Task goal >> Restate word for word the lines in the listing below, starting at the line containing "Китайская авиакомпания позволила" and ending at the line containing "Çexol qulaqlıqlar üçün", both included; leave out the rest.

#### Data ####

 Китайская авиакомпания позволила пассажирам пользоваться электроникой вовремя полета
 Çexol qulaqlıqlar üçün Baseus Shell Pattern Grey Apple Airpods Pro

####
#### Data ####

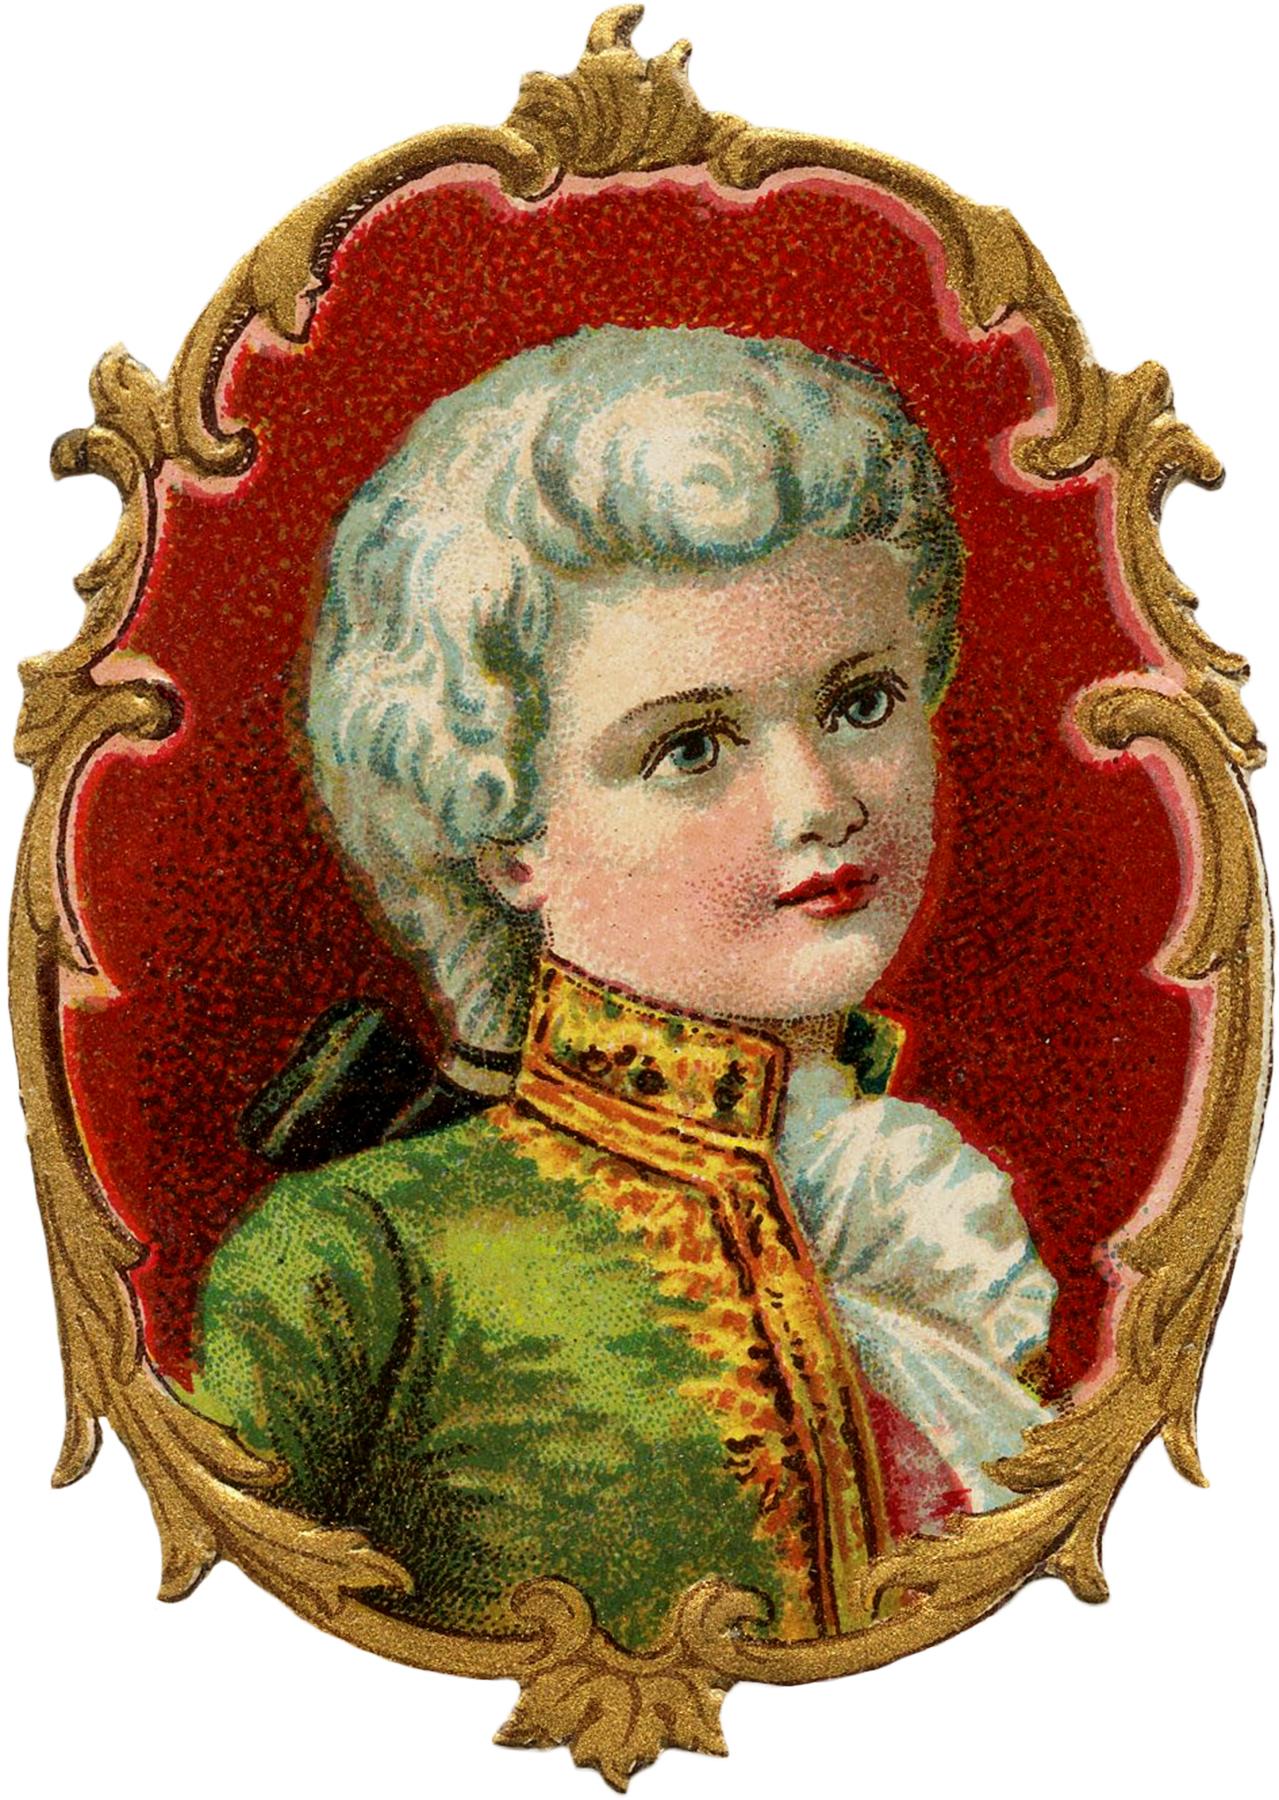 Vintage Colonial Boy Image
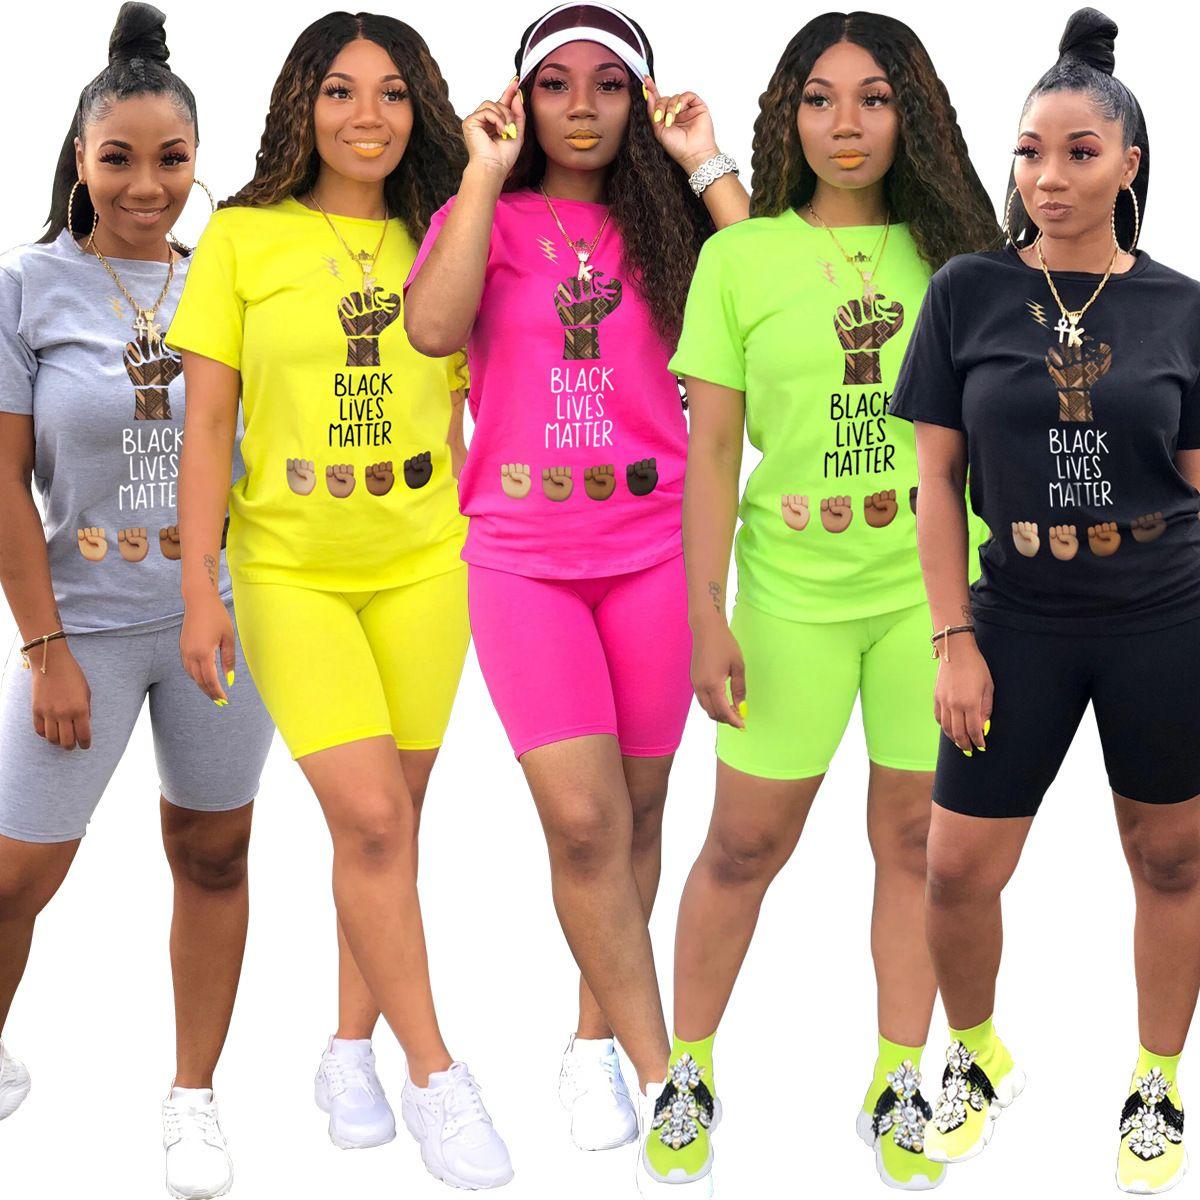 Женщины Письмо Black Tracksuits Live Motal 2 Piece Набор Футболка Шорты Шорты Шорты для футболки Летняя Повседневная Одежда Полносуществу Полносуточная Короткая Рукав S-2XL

####
#### Data ####

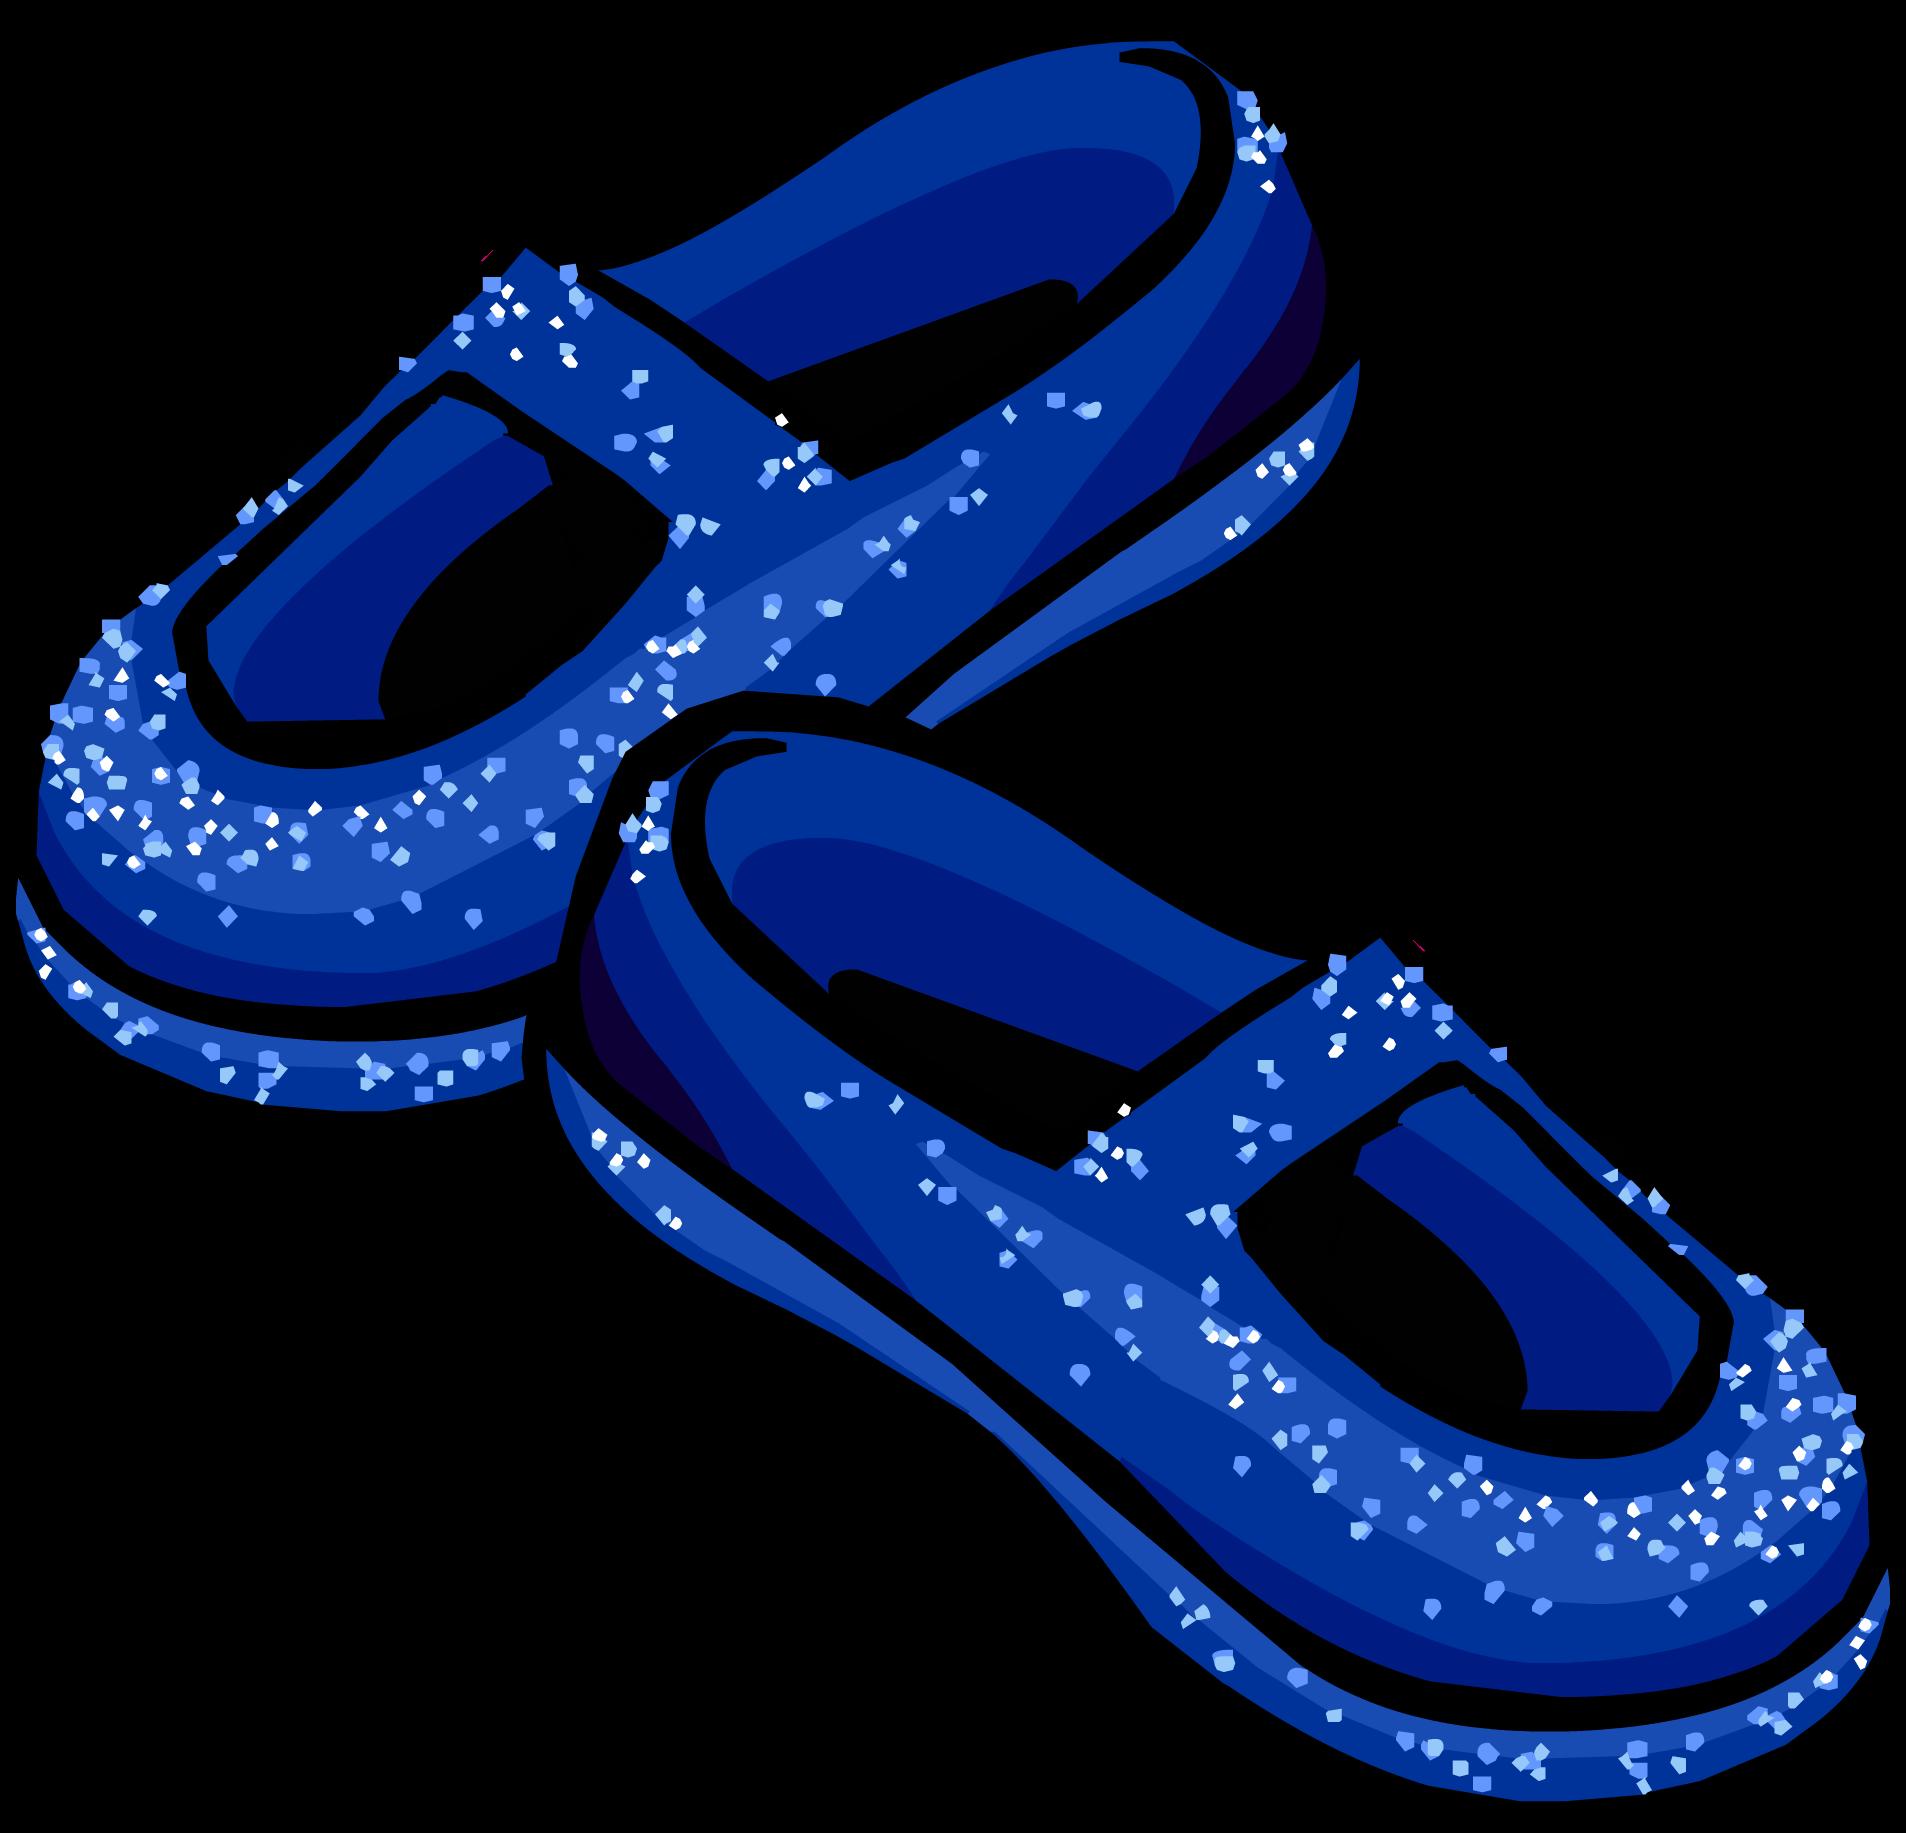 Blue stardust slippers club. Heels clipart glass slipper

####

Task response >>
 Китайская авиакомпания позволила пассажирам пользоваться электроникой вовремя полета
 Çexol qulaqlıqlar üçün Baseus Shell Pattern Grey Apple Airpods Pro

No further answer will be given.